Material provided
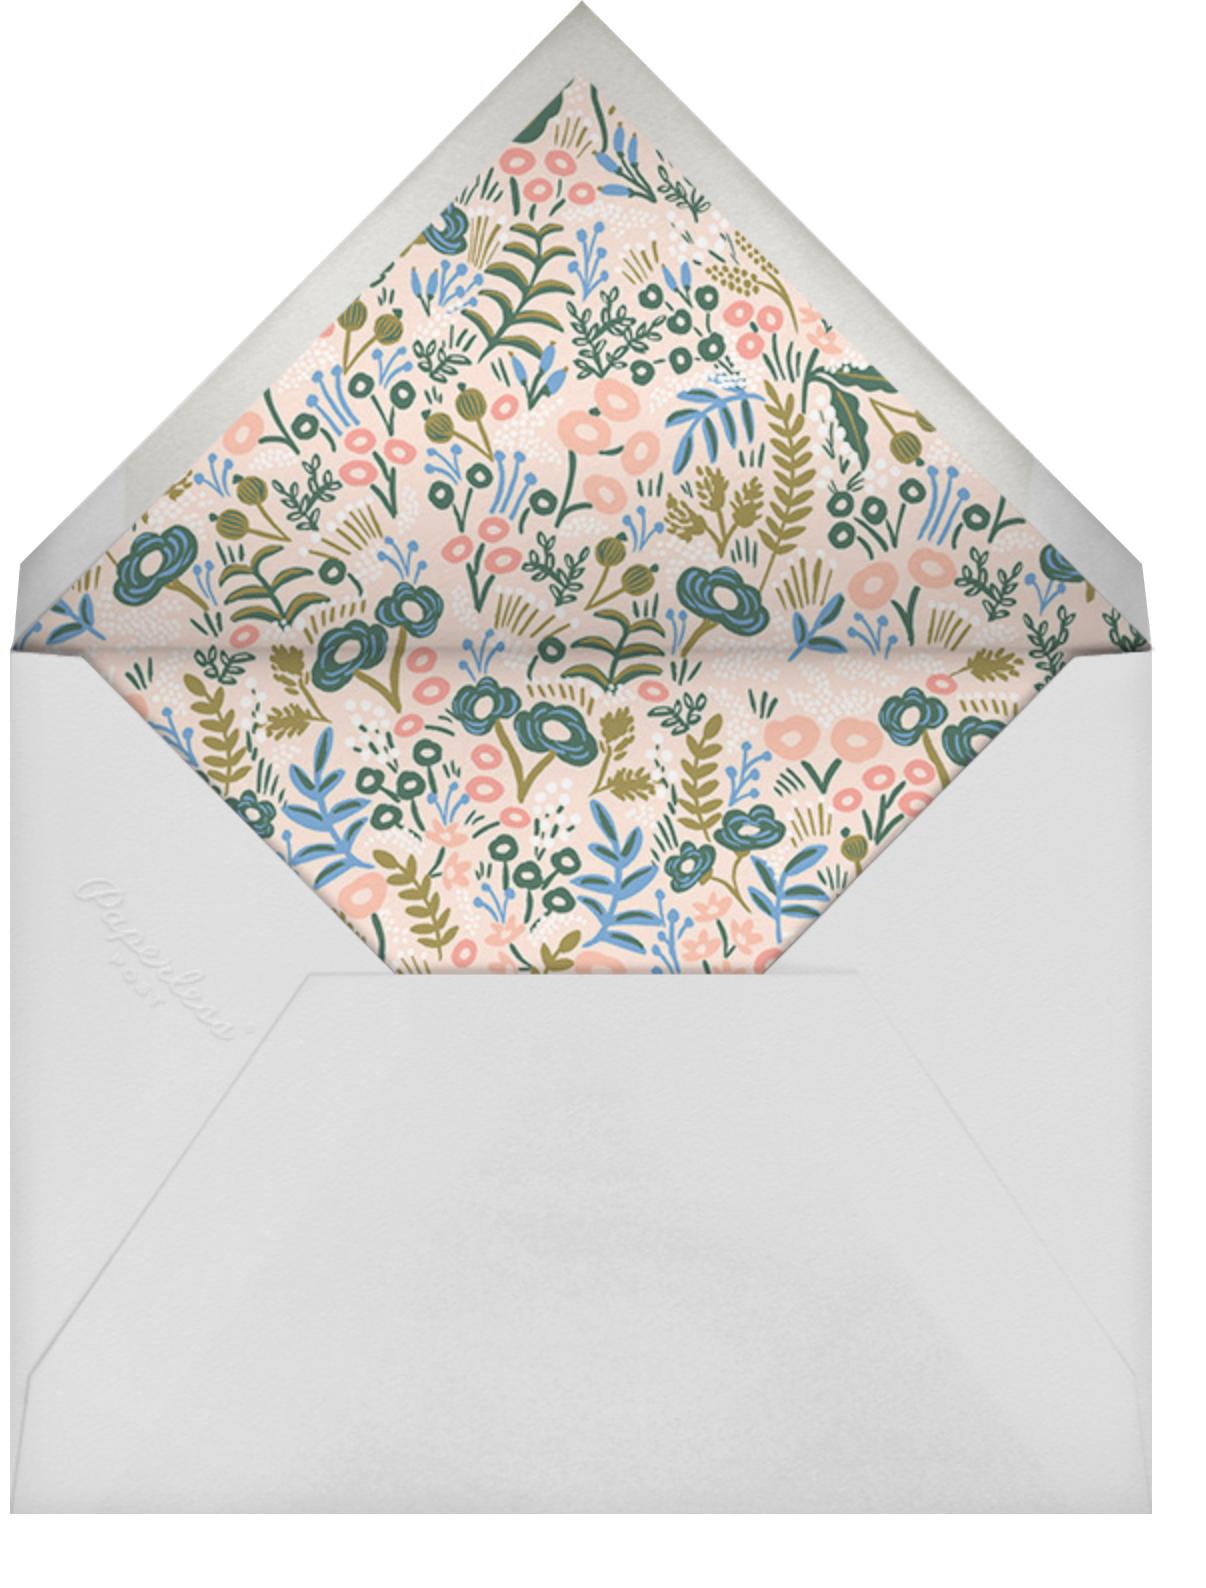 Floral Tapestry - Pavlova - Rifle Paper Co. - Envelope
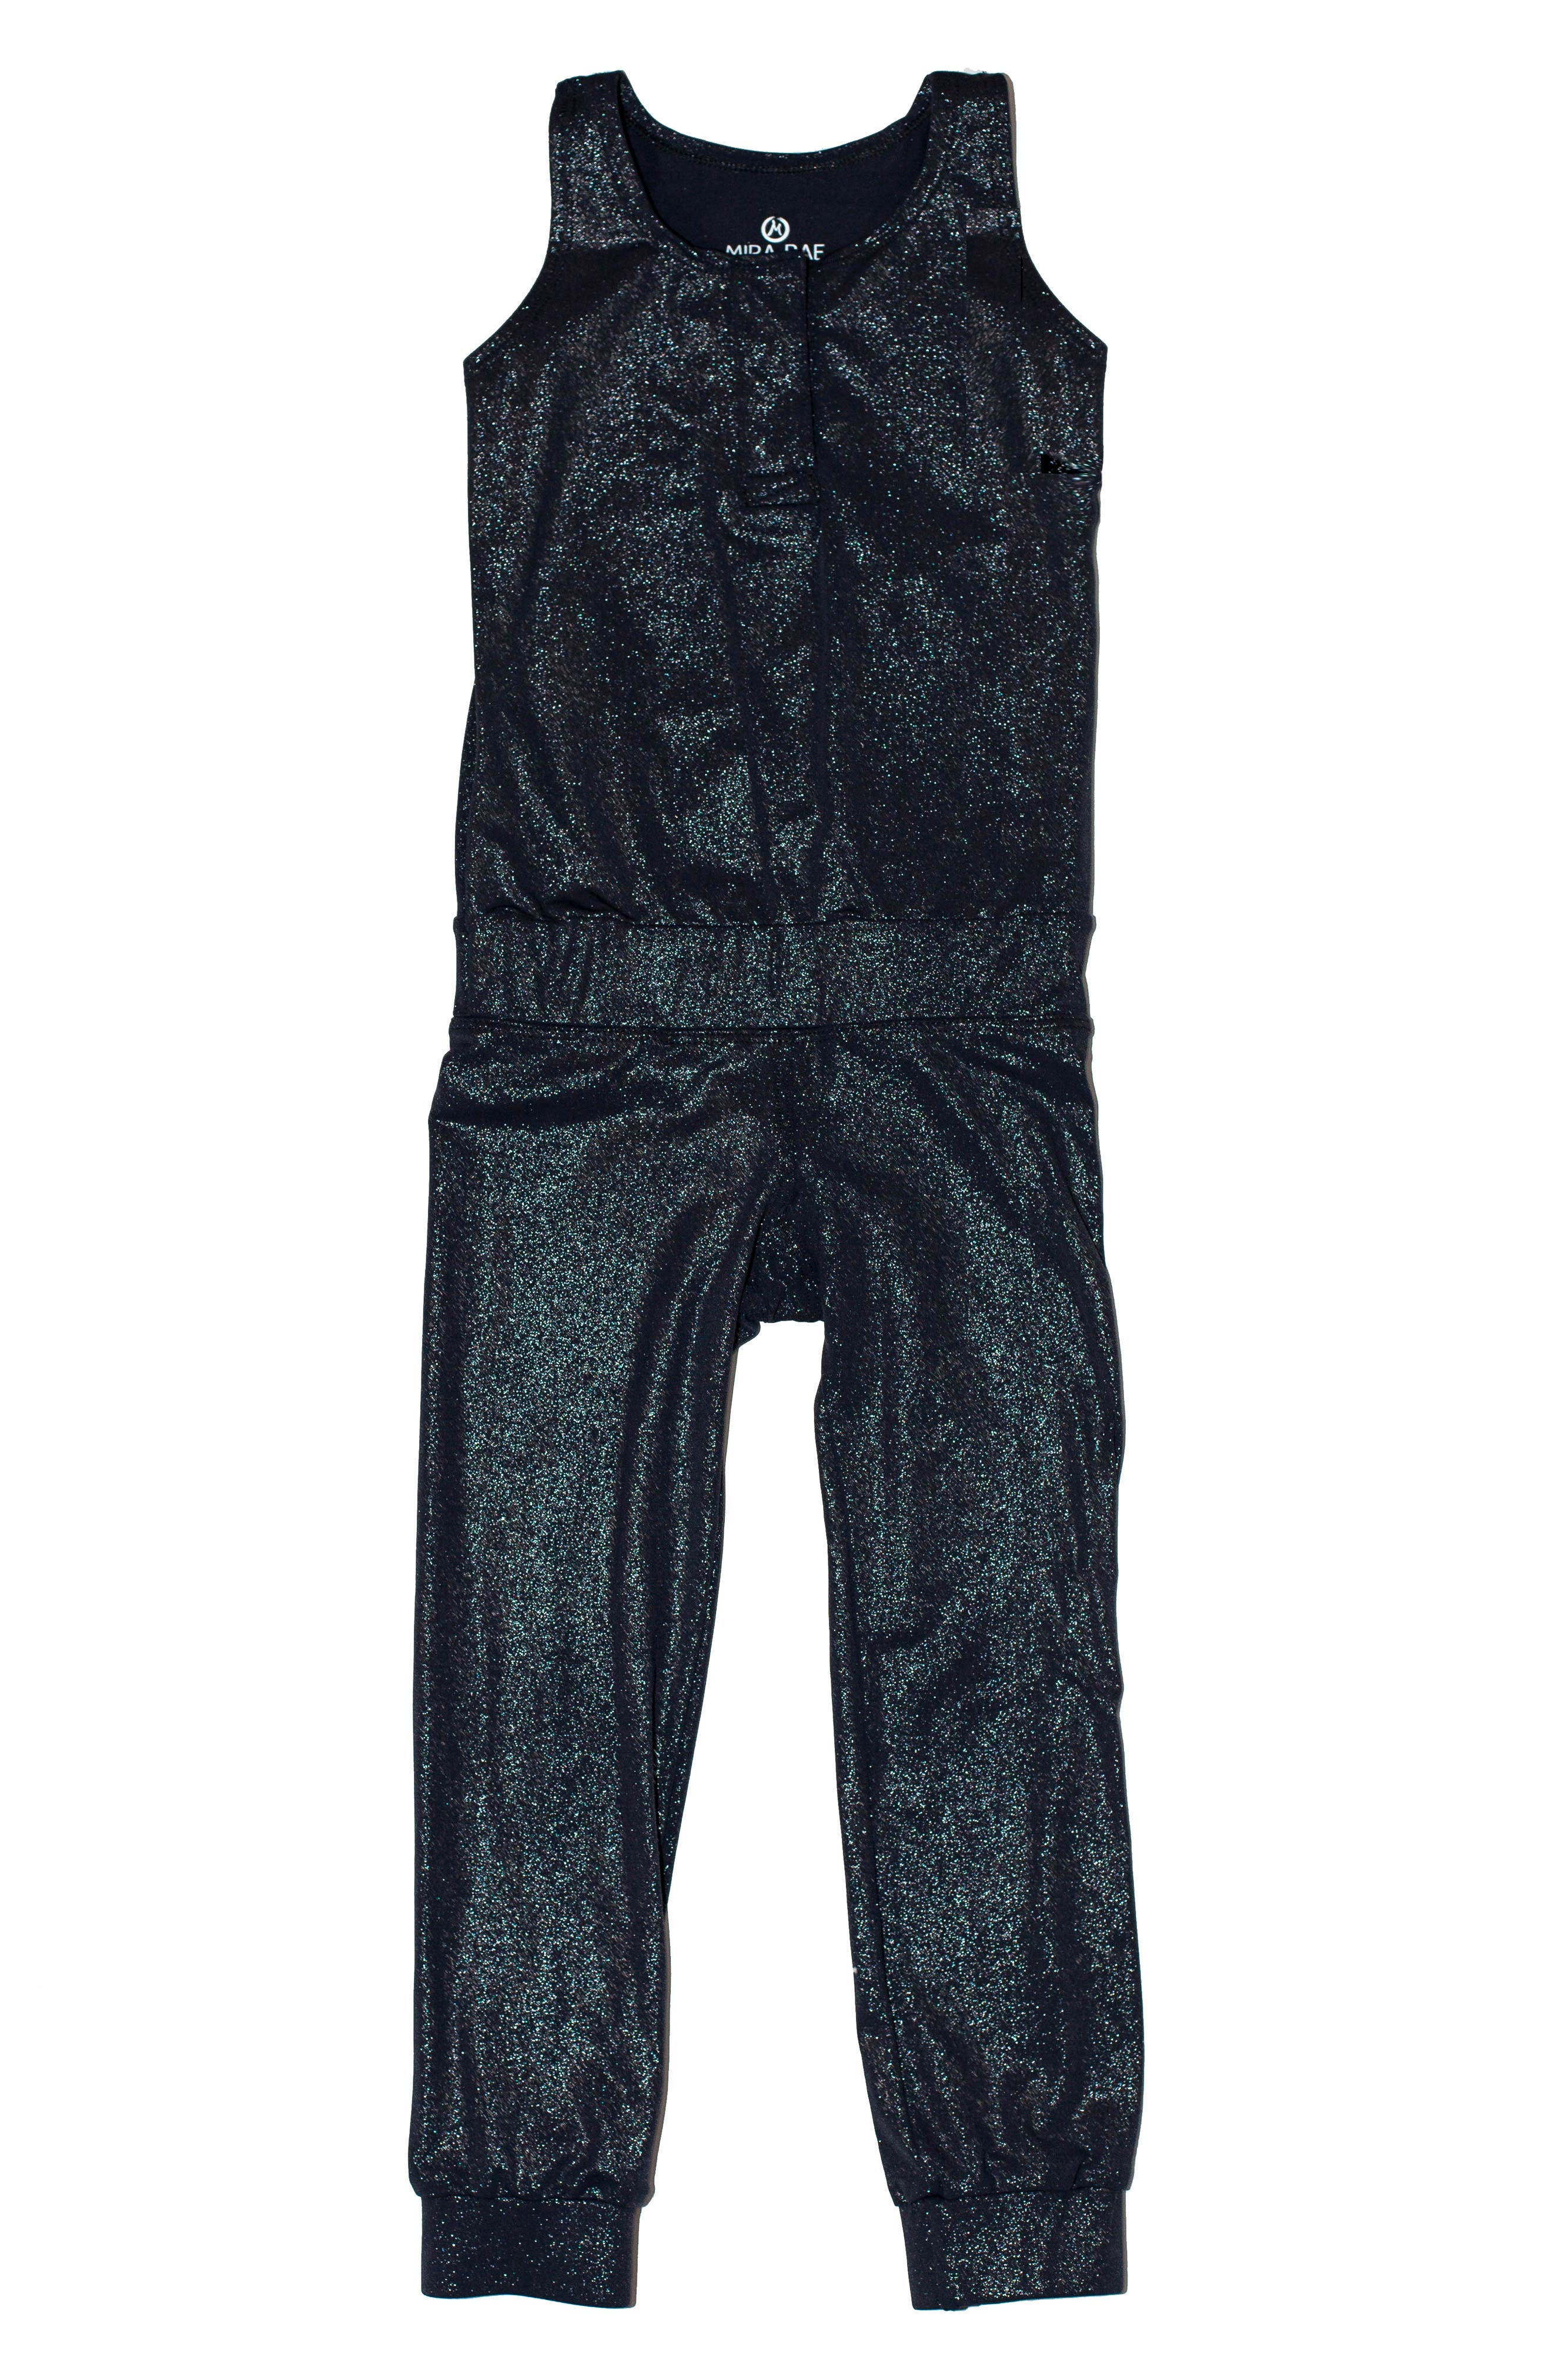 MIRA RAE, Riya Metallic Jumpsuit, Main thumbnail 1, color, MOONLESS NIGHT
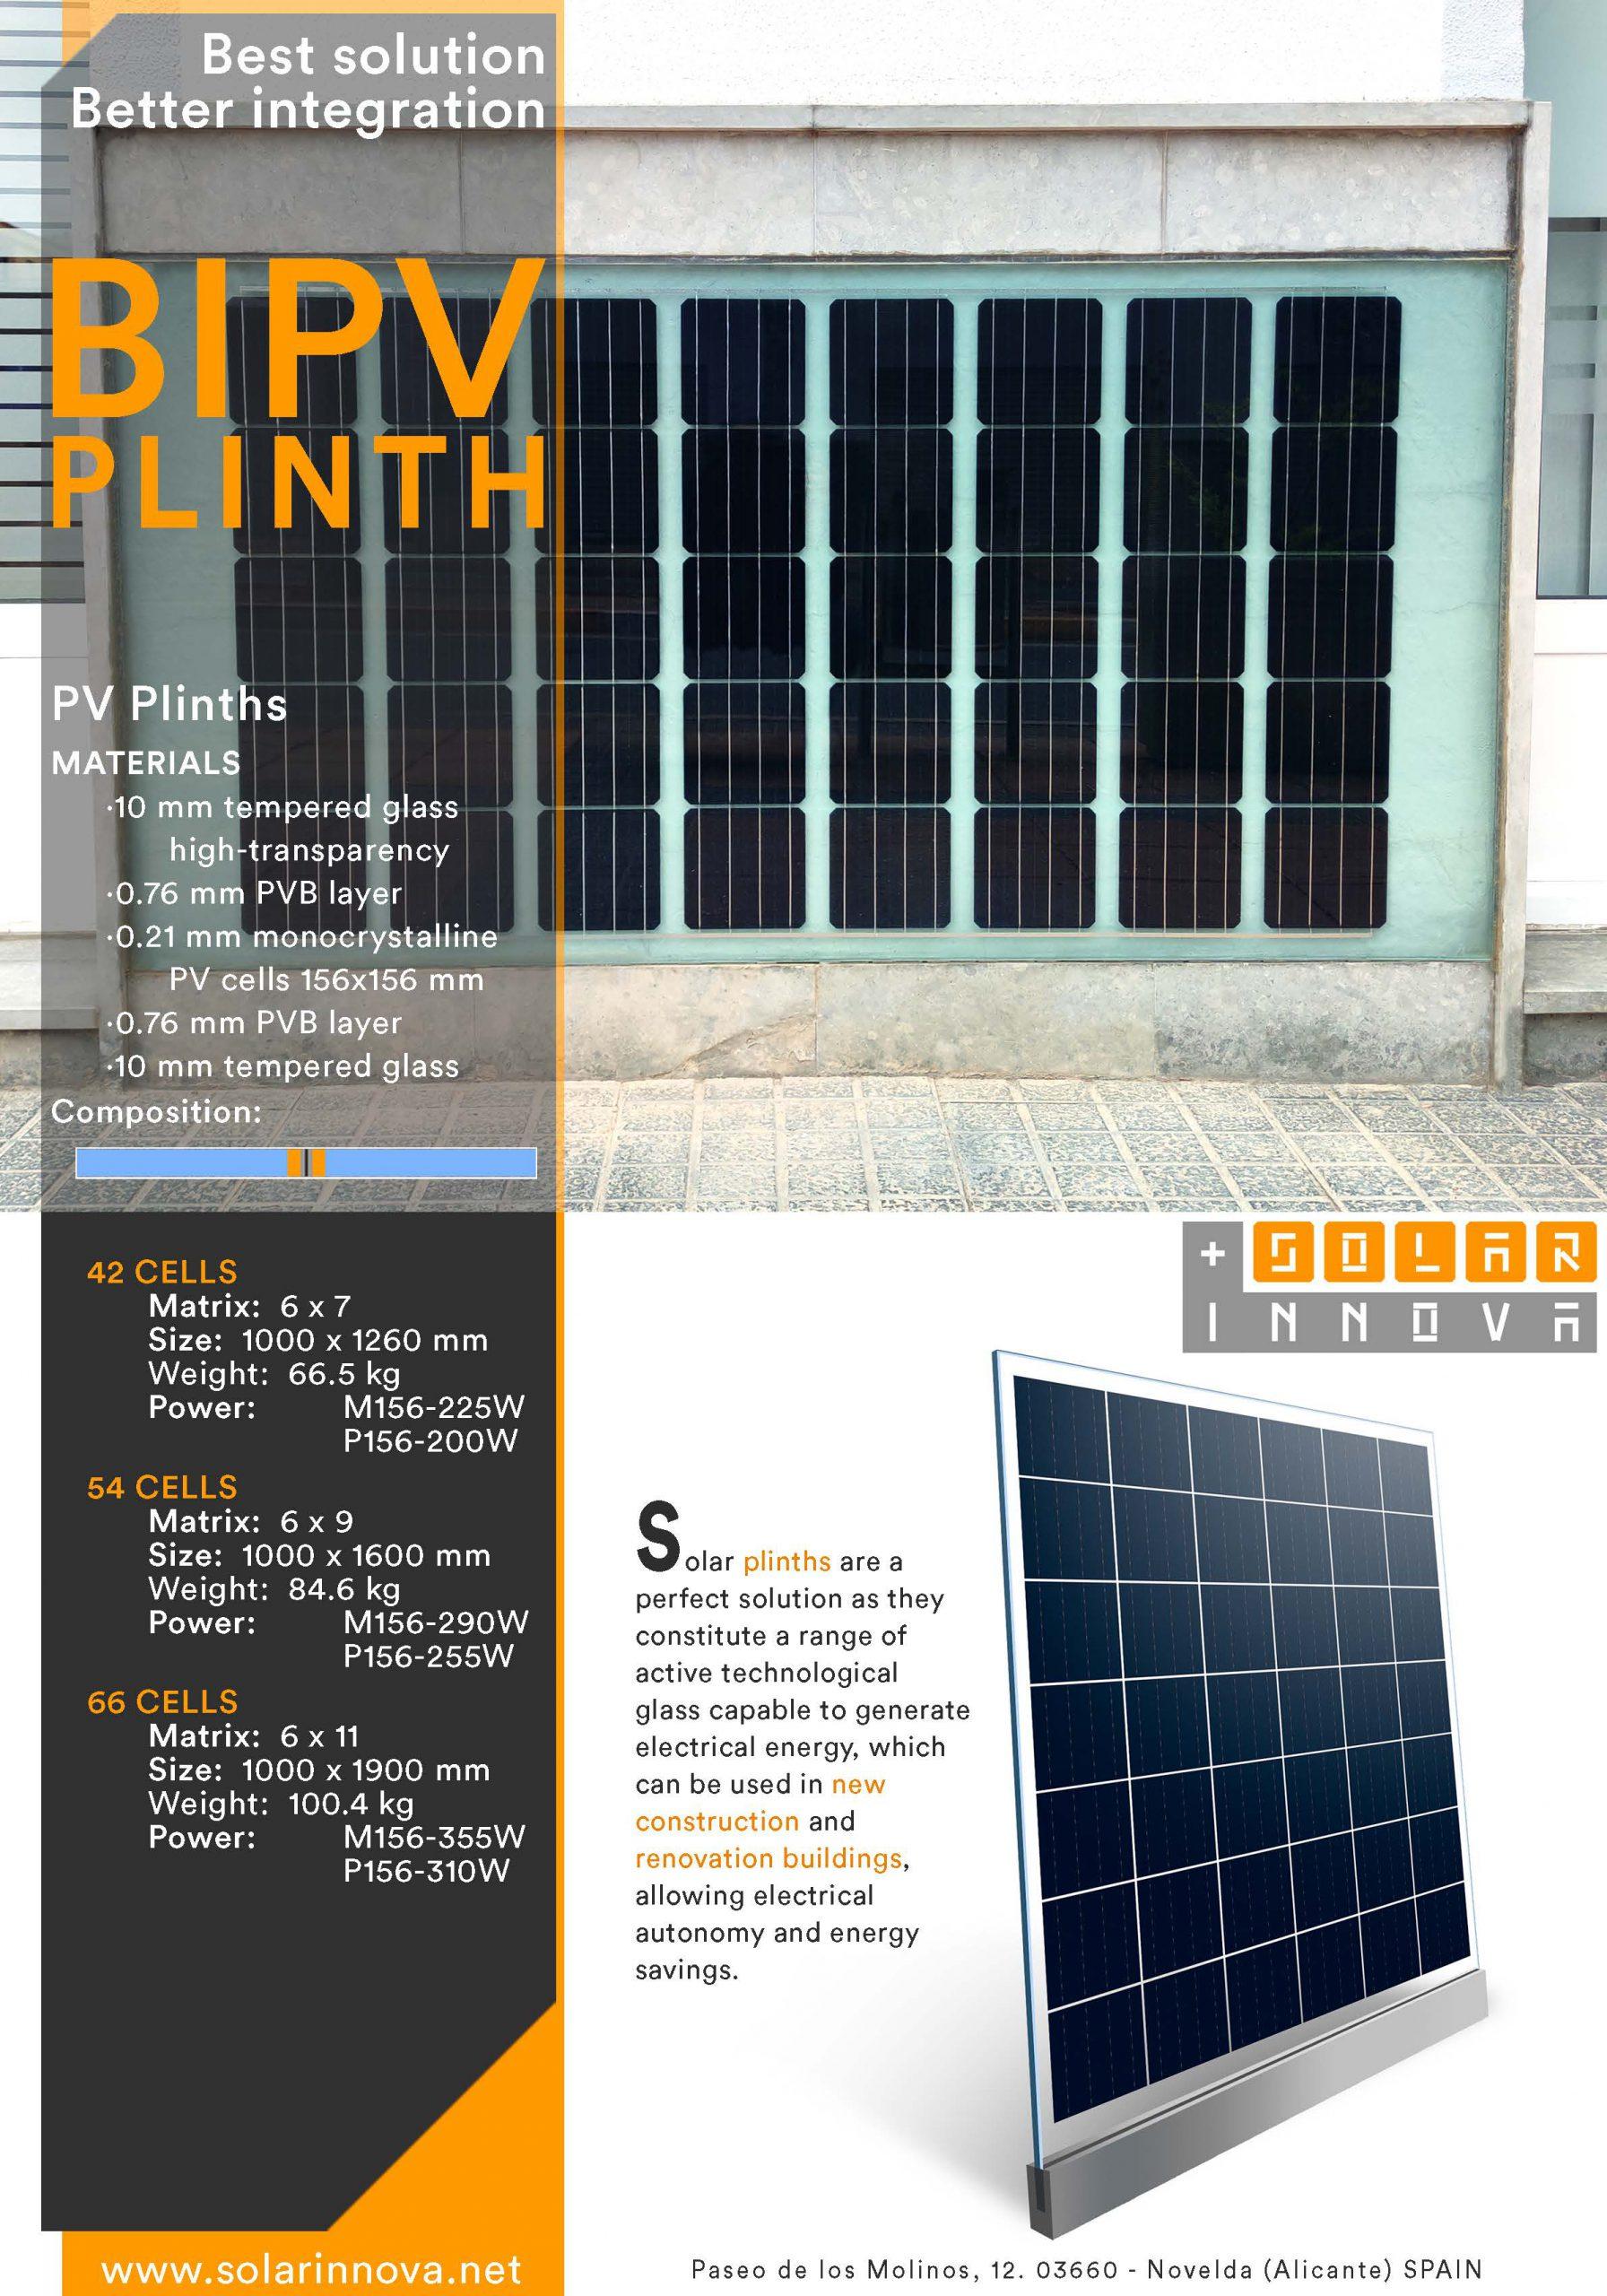 https://solarinnova.pl/wp-content/uploads/2021/04/katalog-2021-bipv-cokol-en_Strona_1-scaled.jpg

Action item
Print out all the material word for word but exclude any images.

Your solution
 Floral Tapestry - Pavlova - Rifle Paper Co. - Envelope
 MIRA RAE, Riya Metallic Jumpsuit, Main thumbnail 1, color, MOONLESS NIGHT
 https://solarinnova.pl/wp-content/uploads/2021/04/katalog-2021-bipv-cokol-en_Strona_1-scaled.jpg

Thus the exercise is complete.